Studio album by Earl Klugh
- Released: 1984
- Recorded: October–November 1983
- Studio: Mediasound Studios (New York City, New York); A&M Studios (Hollywood, California);
- Genre: Smooth jazz; crossover jazz; instrumental pop;
- Length: 35:40
- Label: EMI Music Distribution
- Producer: Earl Klugh; Roland Wilson;

Earl Klugh chronology
| Low Ride (1983) | Wishful Thinking (1984) | Nightsongs (1984) |

= Wishful Thinking (Earl Klugh album) =

Wishful Thinking is the 10th studio album by Earl Klugh released in 1984, and is the final album which Klugh recorded for Capitol Records. The album represents a summation of Klugh as a guitarist and composer, and features a variety of musical styles, including pop, classical, jazz, blues, reggae and funk. The songs are texturally orchestrated with strings and harps, conducted and arranged by Johnny Mandel, David Matthews and Grammy Award winner Don Sebesky.

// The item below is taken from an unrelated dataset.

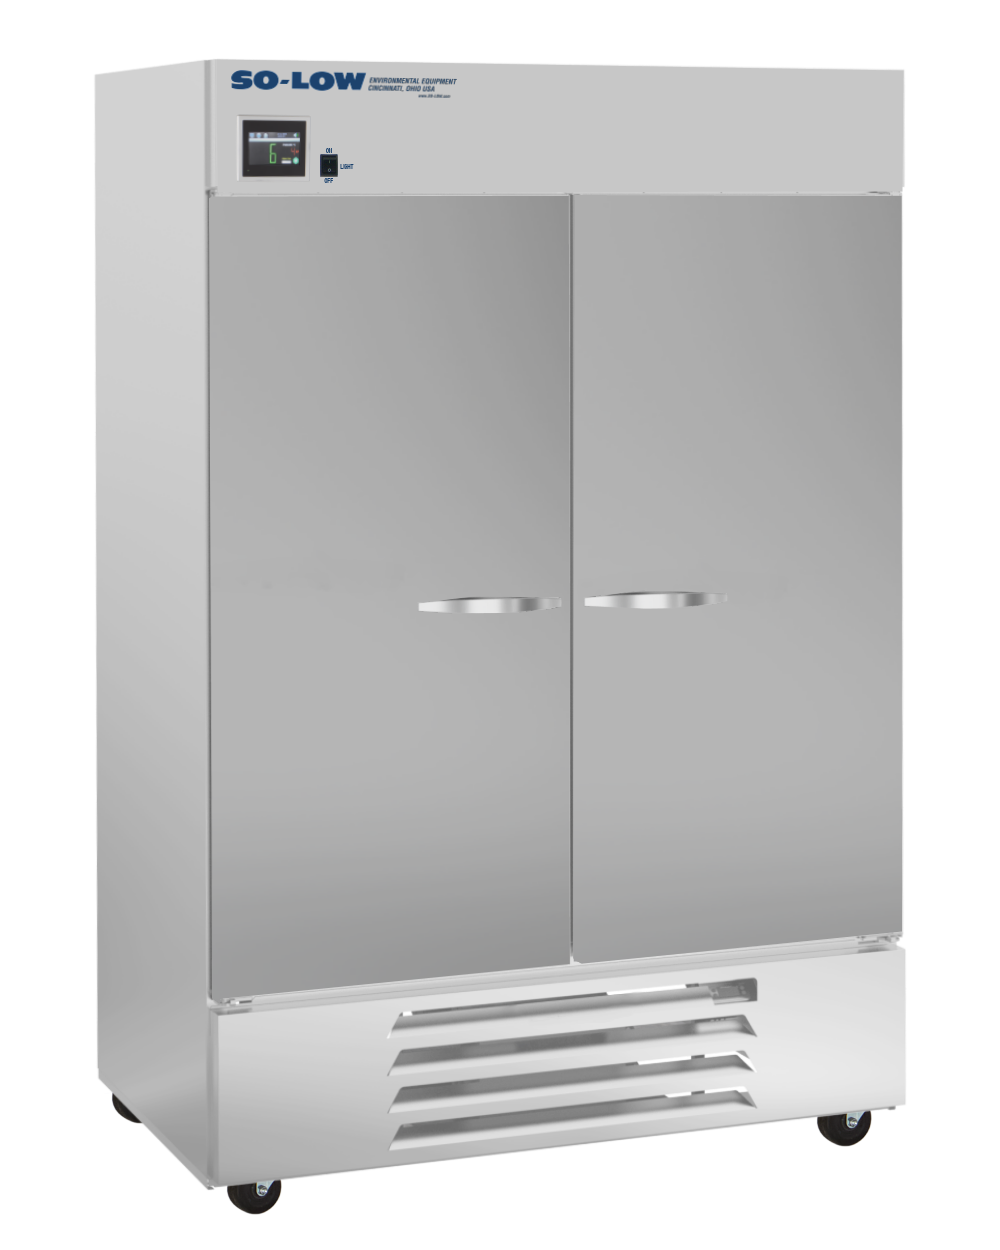 So-Low 2ºC to 8ºC, 49 cu. ft., two solid doors, Cycle defrost, 115v

Saxophonist David Sanborn joins Klugh on the song "The Only One for Me" on alto saxophone.

Professional ratings
Review scores
| Source | Rating |
| allmusic.com | Star Half star |

== Track listing ==
All songs written by Earl Klugh.
1. "Wishful Thinking" - 3:58
2. "Tropical Legs" - 5:33
3. "All the Time" - 4:39
4. "A Natural Thing" - 2:55
5. "Once Again" - 4:18
6. "Take It from the Top" - 3:58
7. "The Only One for Me" - 4:49
8. "Right from the Start" - 5:30

== Personnel ==

Musicians
- Earl Klugh – guitars, acoustic piano (5)
- Barry Eastmond – keyboards (1, 2, 5–8)
- Ronnie Foster – keyboards (3)
- Eric Gale – electric guitar (1)
- Carlos Rios – electric guitar (2)
- Donald Griffin – electric guitar (3)
- Phil Upchurch – electric guitar (3)
- Joe Beck – electric guitar (6, 8)
- Luico Hopper – bass (1, 2, 5, 7, 8)
- Charles Meeks – bass (3)
- Ron Carter – bass (6)
- Ted Thomas Jr. – drums (1, 2, 5, 7)
- James Bradley Jr. – drums (3)
- Brian Brake – drums (6, 8)
- Sammy Figueroa – percussion (1, 2, 5–8)
- Paulinho da Costa – percussion (3)
- David Sanborn – saxophone (7)

Music arrangements
- Earl Klugh – rhythm arrangements
- Johnny Mandel – orchestrations and conductor (3)
- David Matthews – orchestrations and conductor (4, 8), rhythm arrangements (6, 8)
- Don Sebesky – orchestrations and conductor (5)

== Production ==
- Earl Klugh – producer, mixing (3)
- Ronnie Wilson – co-producer
- Dave Palmer – recording (1, 2, 4–8), mixing
- Don Hahn – recording (3)
- Andy Hoffman – assistant engineer (1, 2, 4–8)
- Jim Cassell – assistant engineer (3)
- Pete Parsons – design
- Jerry Farber – photography

== Charts ==

Album – Billboard
| Year | Chart | Position |
|---|---|---|
| 1984 | Top Jazz Albums | 1 |
| 1984 | R&B Albums | 18 |
| 1984 | The Billboard 200 | 69 |

== Pop Culture ==
"Take It from the Top" from Earl Klugh's 1984 album, Wishful Thinking, was used as the theme for CBS Sports' PGA Tour coverage from 1985 through 1990.